WORK ORDER: Please repeat the whole listing exactly, but leave the pictures out.

━━━━━ GIVEN INFORMATION ━━━━━

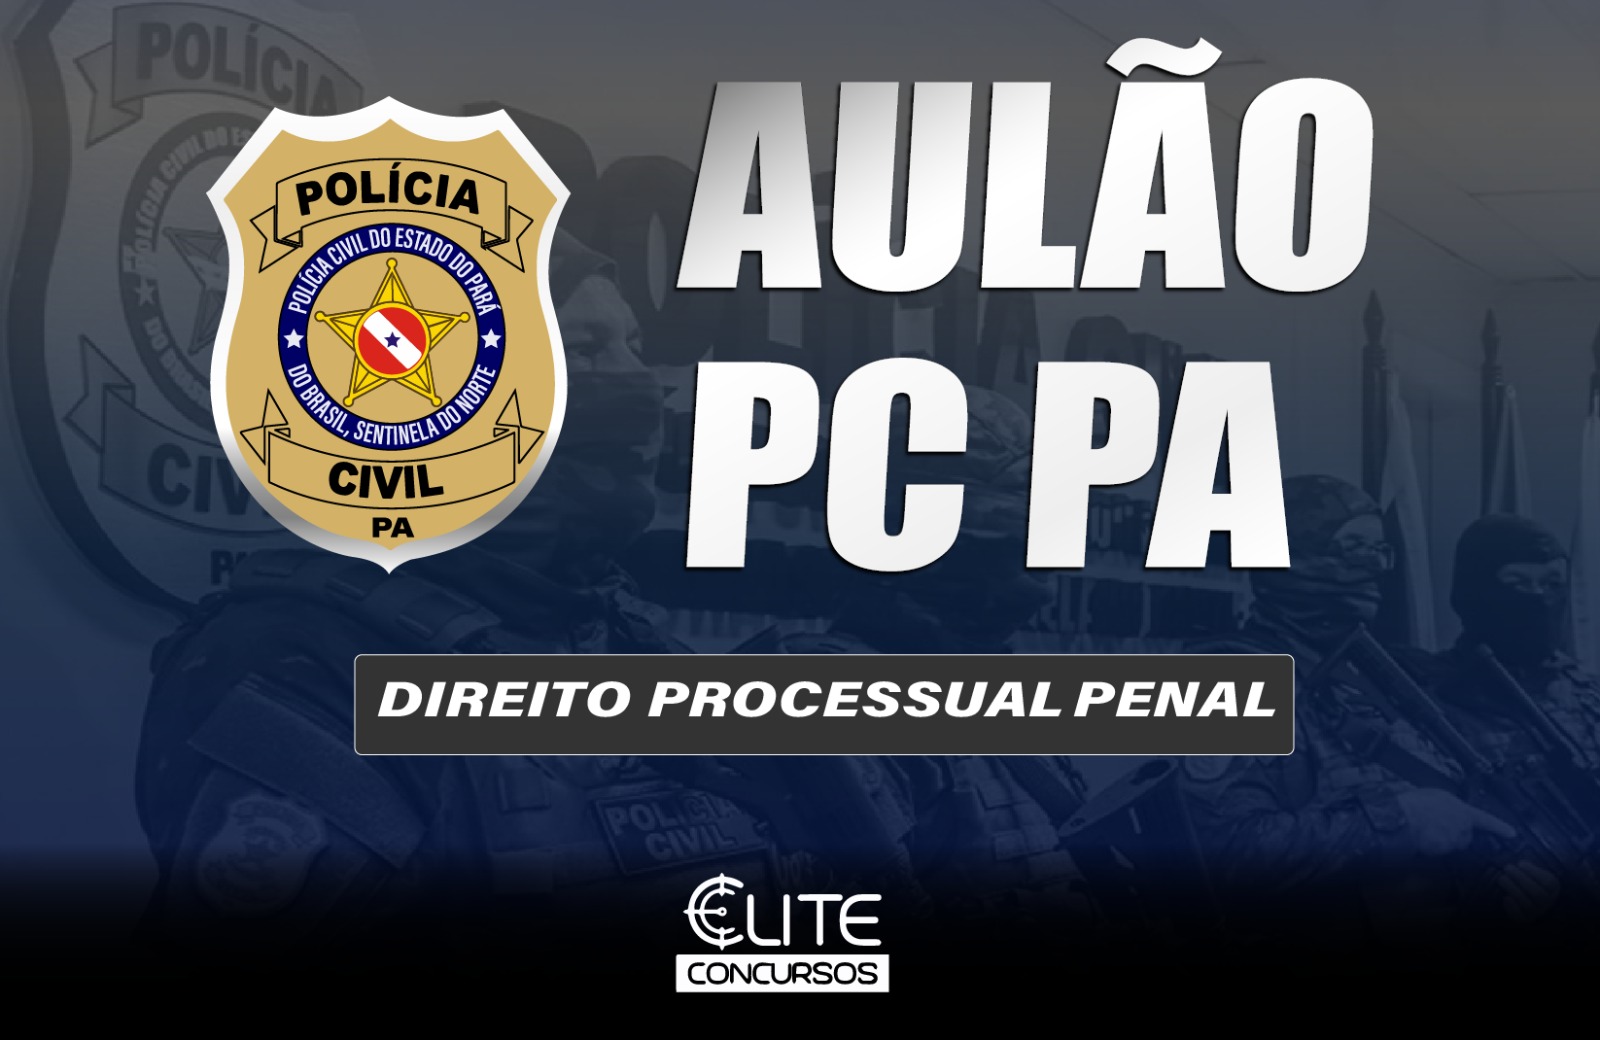 AULO POLCIA CIVIL - PROCESSUAL PENAL - 13/04
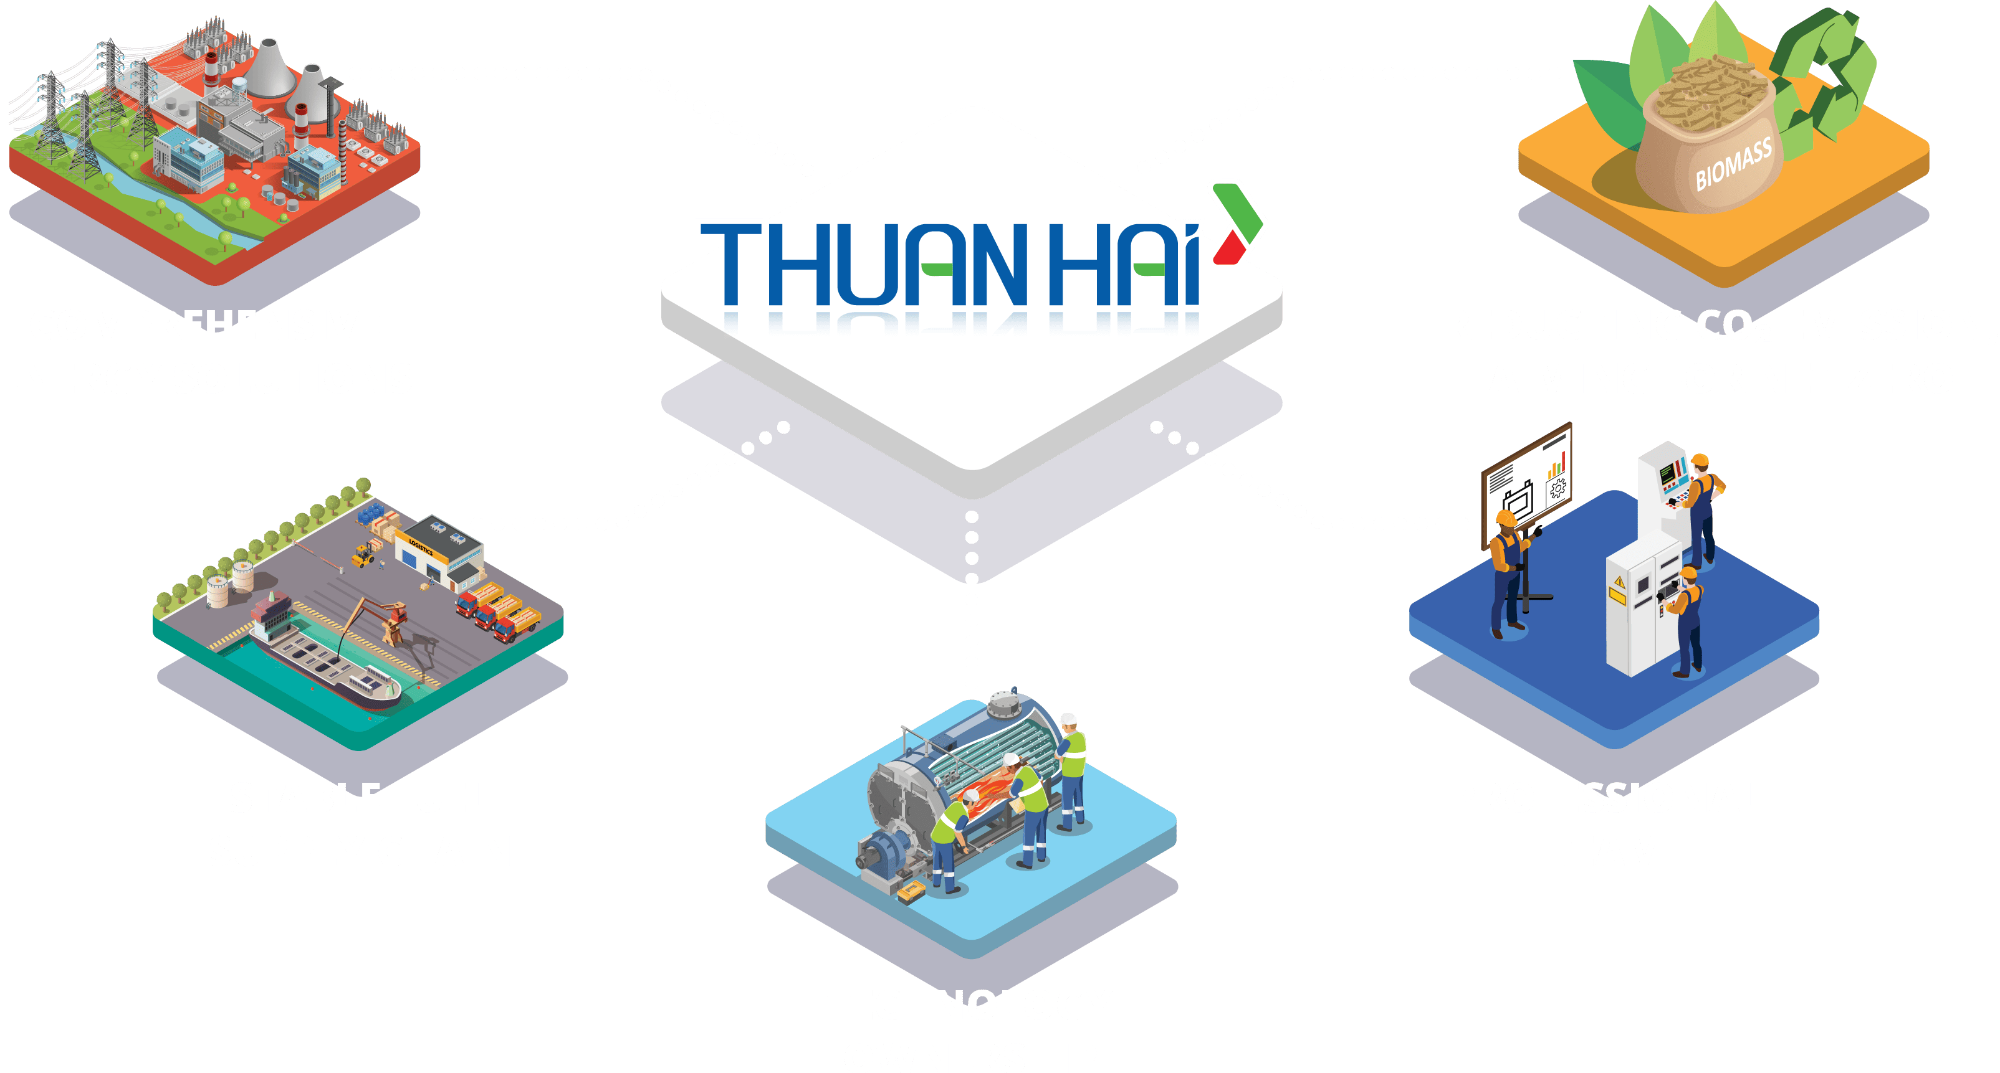 Thuan Hai's 5 Strengths
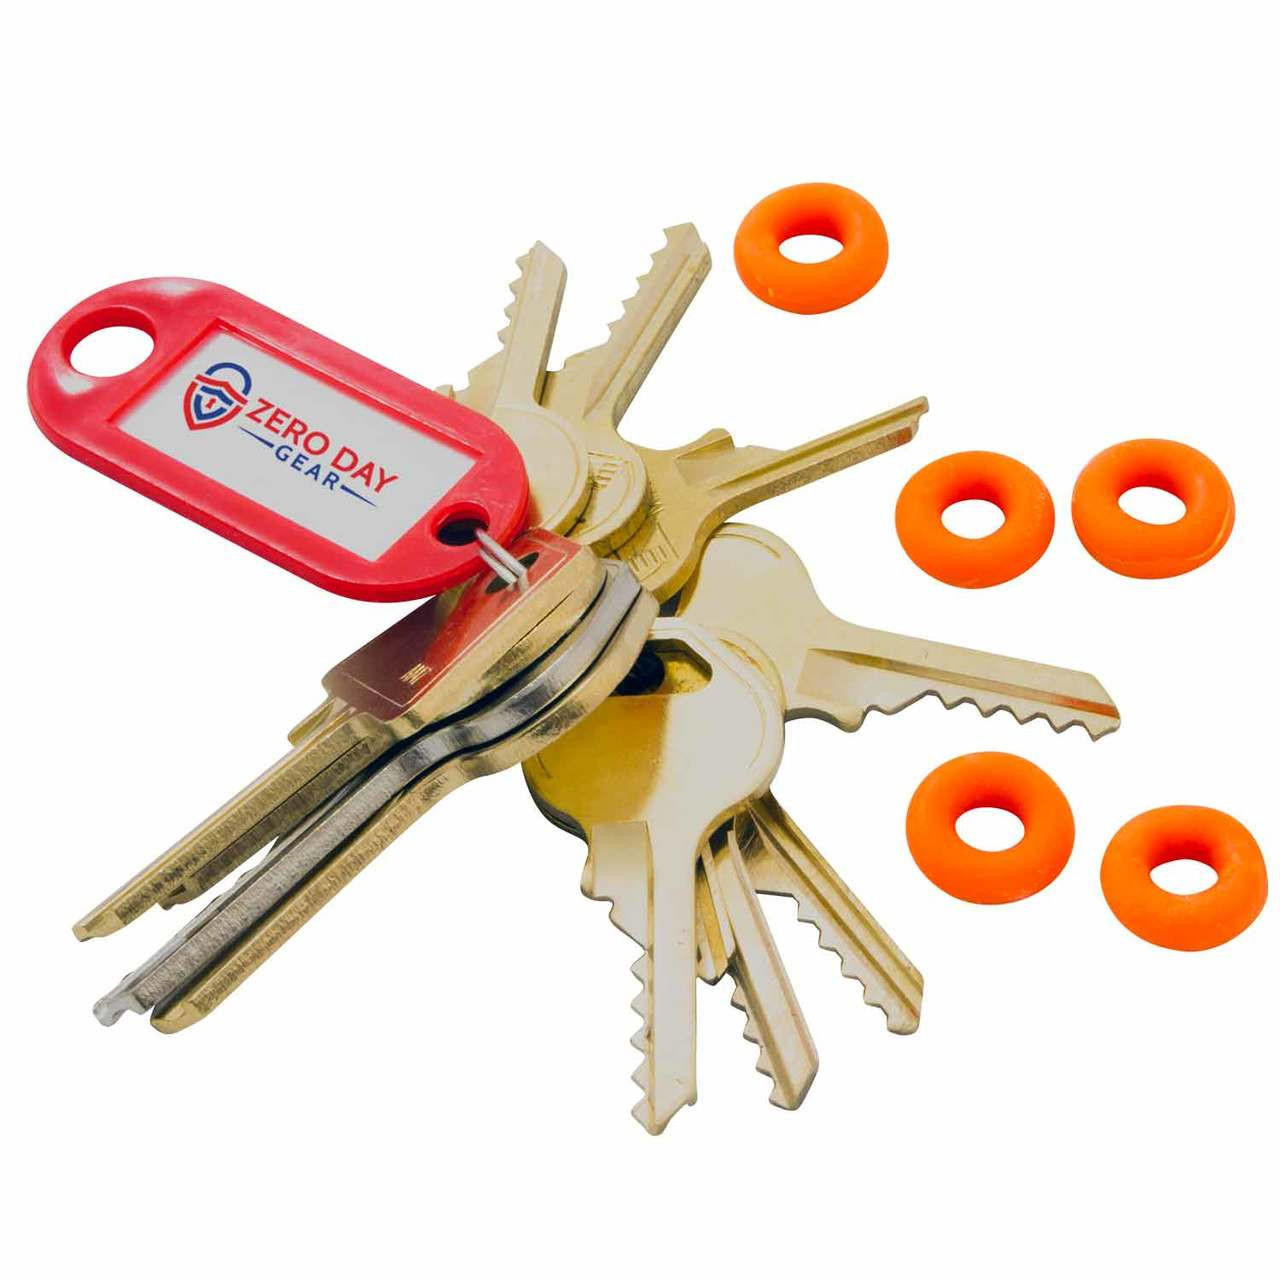 Padlock Bump Key Set: 12 Keys. Unlock Master & American Padlocks
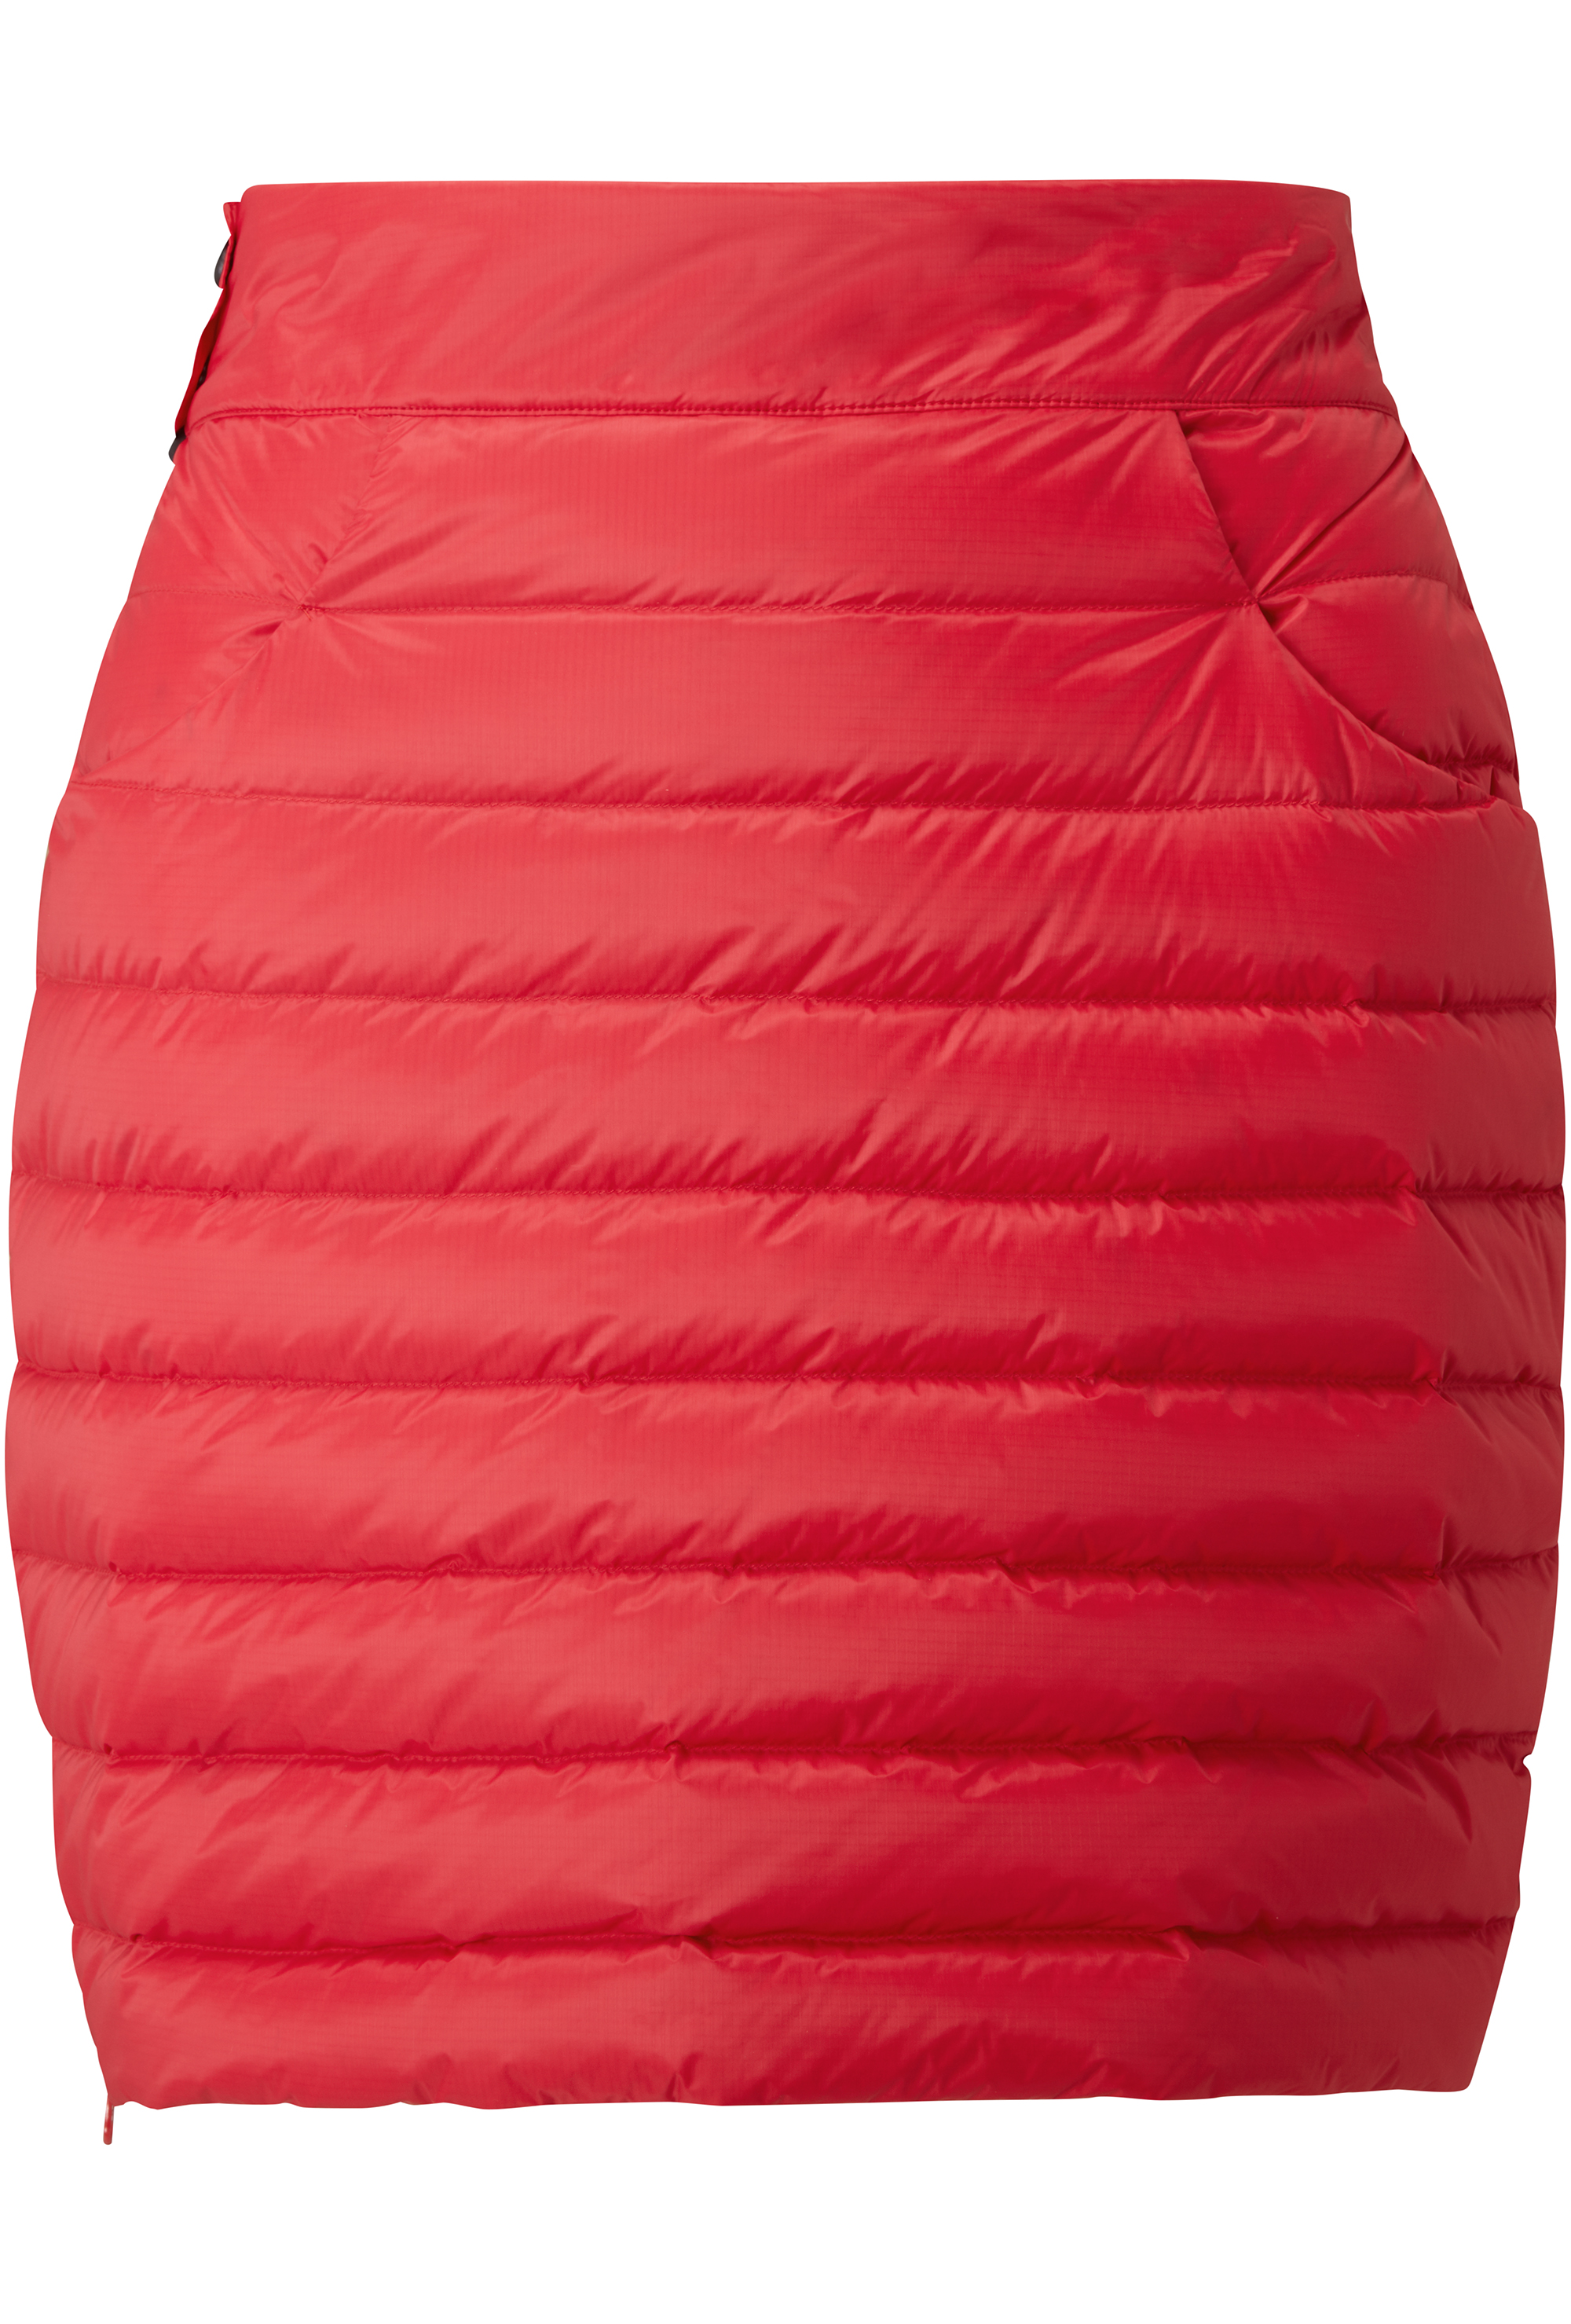 Dámská péřová sukně MOUNTAIN EQUIPMENT W's Frostline Skirt Capsicum Red M

━━━━━

EXERCISE ANSWER:
 AULO POLCIA CIVIL - PROCESSUAL PENAL - 13/04
 Thuan Hai's 5 Strengths
 Padlock Bump Key Set: 12 Keys. Unlock Master & American Padlocks
 Dámská péřová sukně MOUNTAIN EQUIPMENT W's Frostline Skirt Capsicum Red M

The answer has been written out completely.